WHAT TO DO:
Copy each line below exactly as it appears. Pictures are to be omitted.
[GIVEN INFORMATION Boundary: Start]
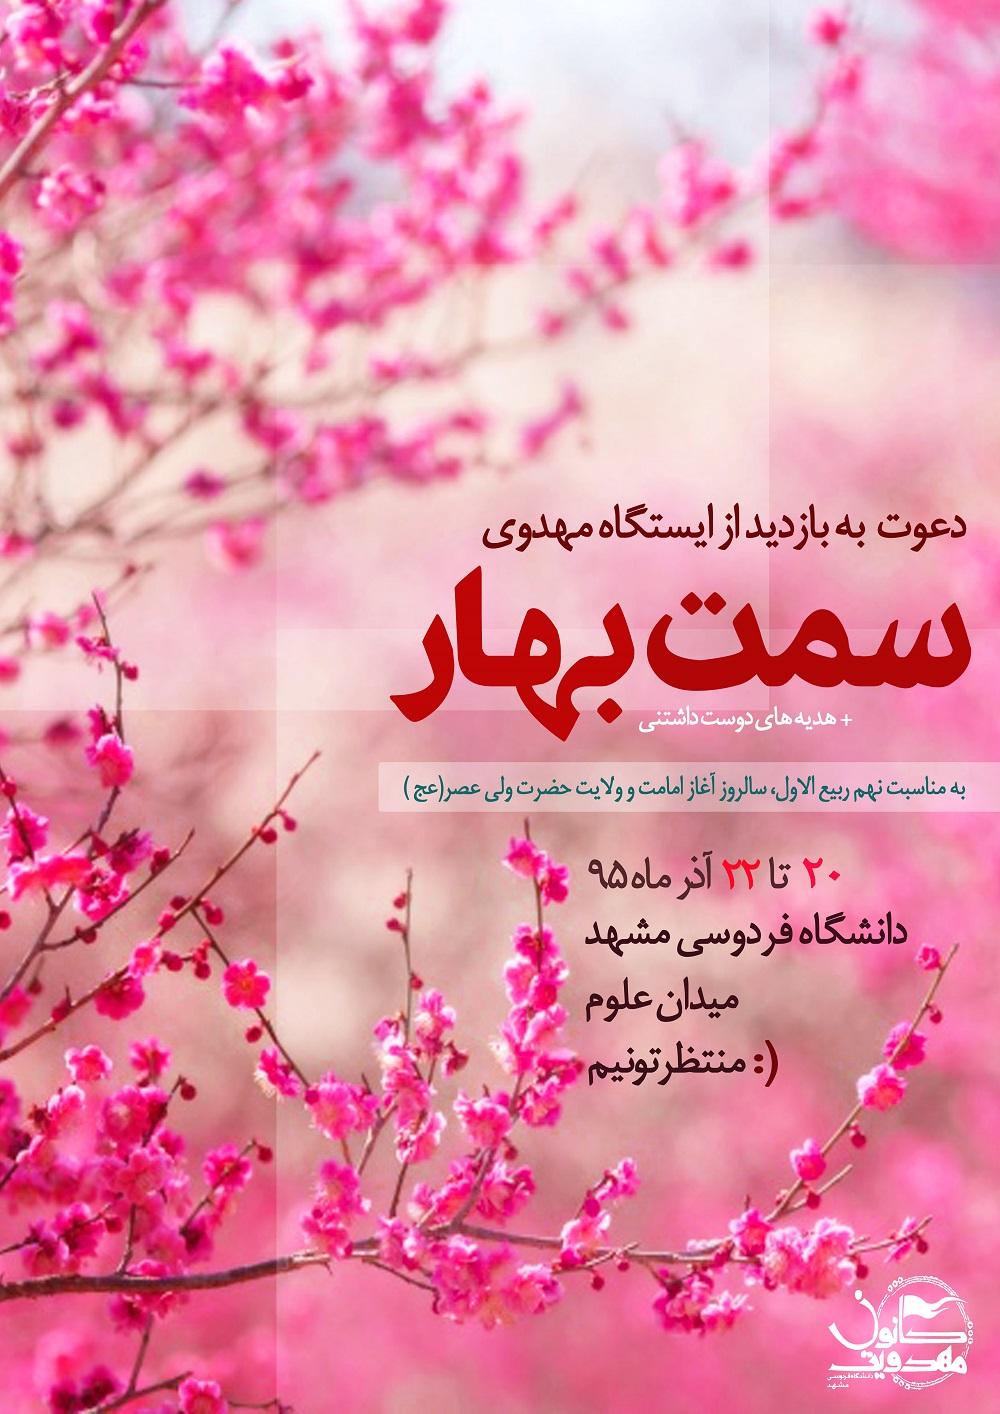 http://bayanbox.ir/view/8135645636847091267/ghorfe1..jpg
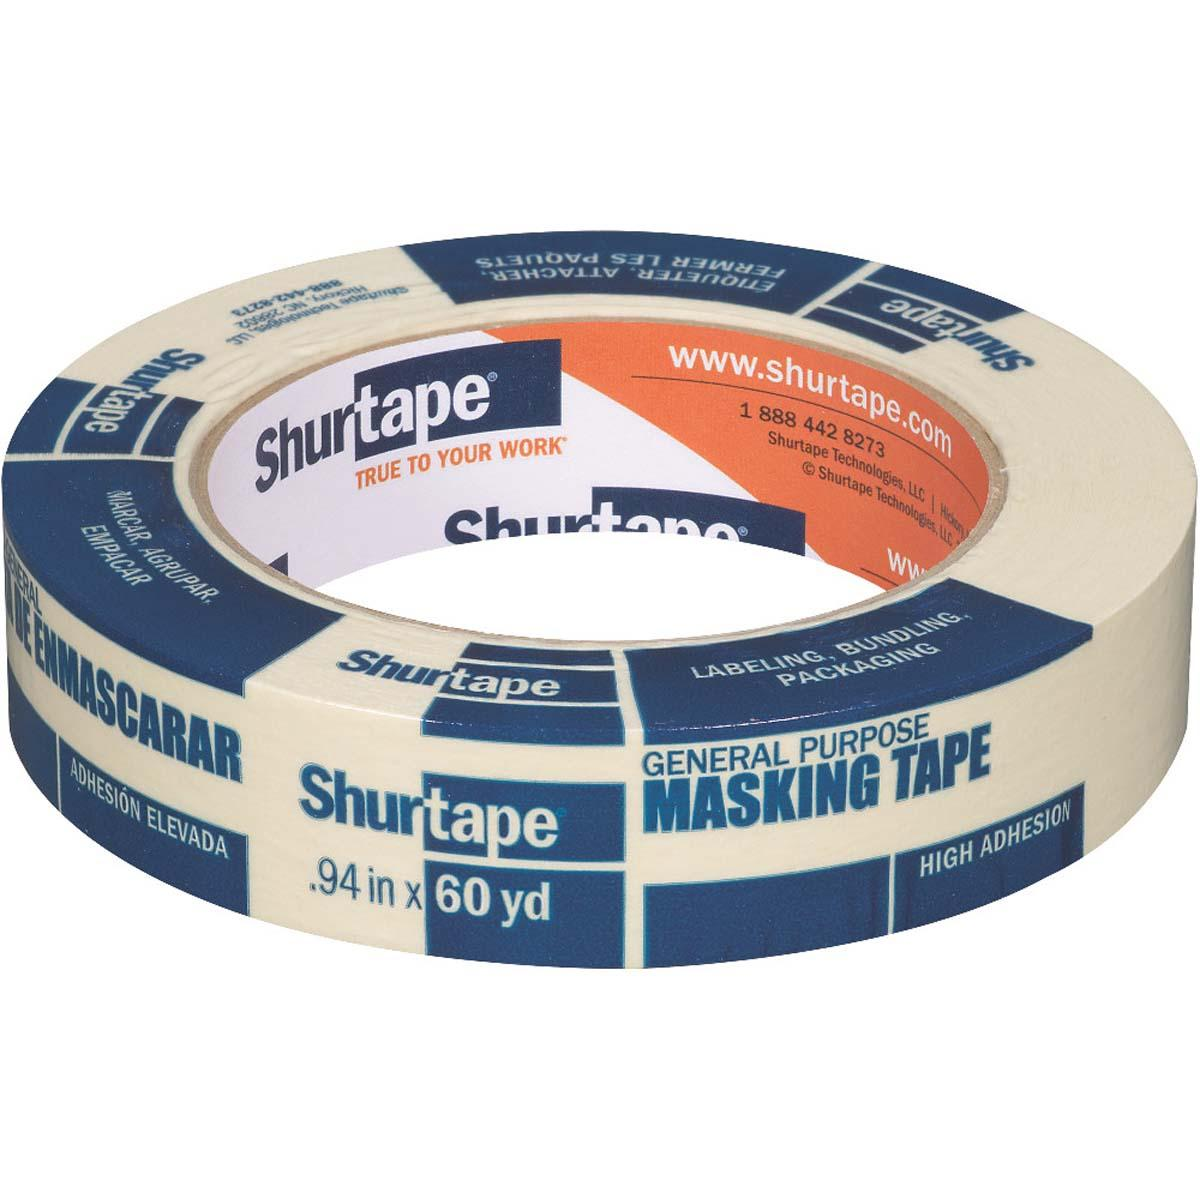 CP 105 General Purpose Grade, Medium-High Adhesion Masking Tape - NATURAL - 24MM x 55M
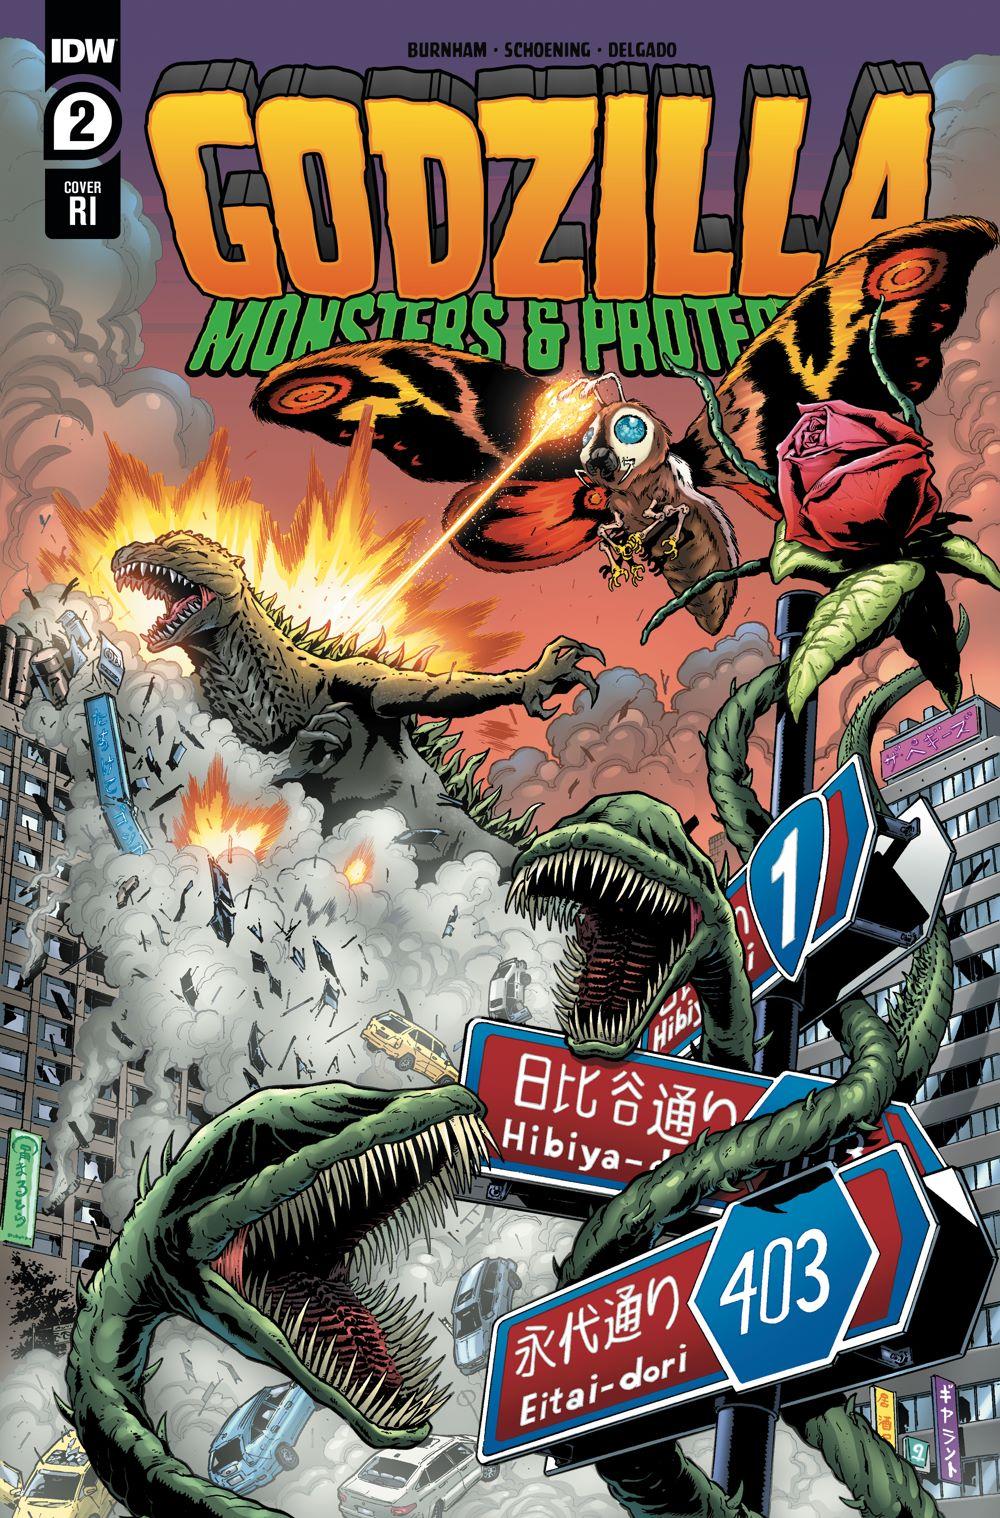 Godzilla_MP02-coverRI ComicList Previews: GODZILLA MONSTERS AND PROTECTORS #2 (OF 5)
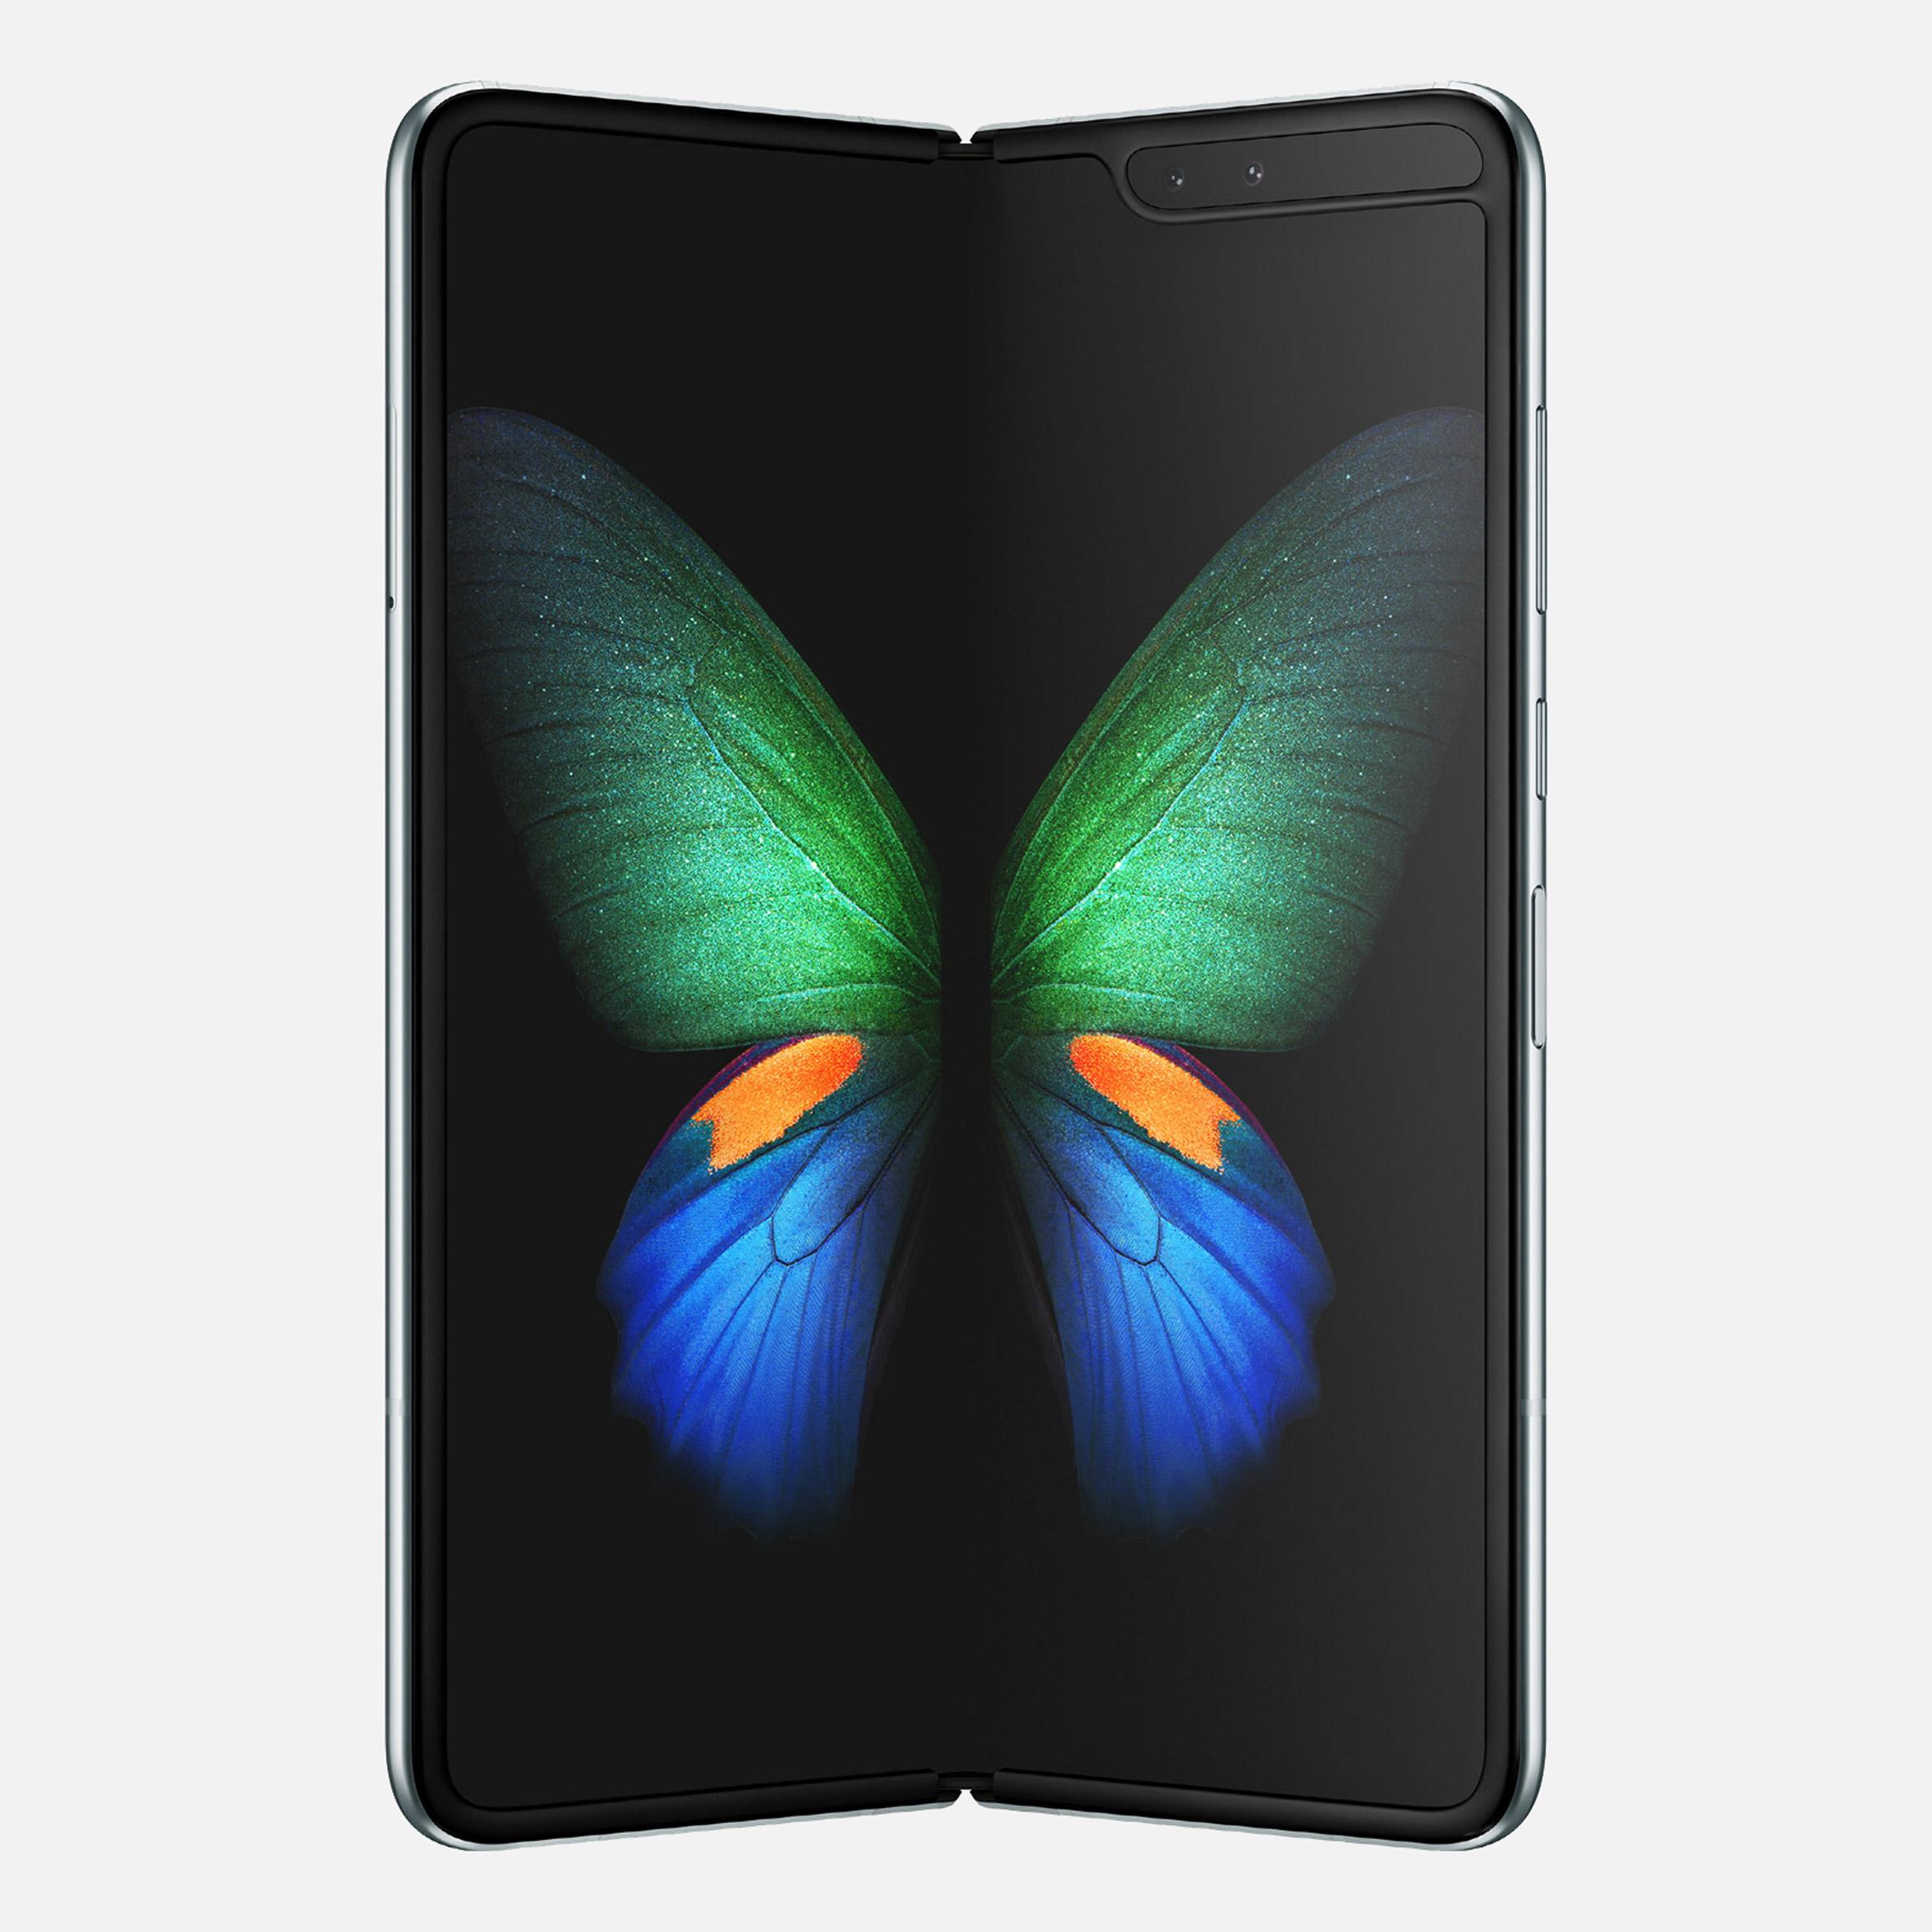 Samsung foldable smartphone: Galaxy Fold
[GIVEN INFORMATION Boundary: End]
SOLUTION TO THIS PROBLEM:
 http://bayanbox.ir/view/8135645636847091267/ghorfe1..jpg
 CP 105 General Purpose Grade, Medium-High Adhesion Masking Tape - NATURAL - 24MM x 55M
 Godzilla_MP02-coverRI ComicList Previews: GODZILLA MONSTERS AND PROTECTORS #2 (OF 5)
 Samsung foldable smartphone: Galaxy Fold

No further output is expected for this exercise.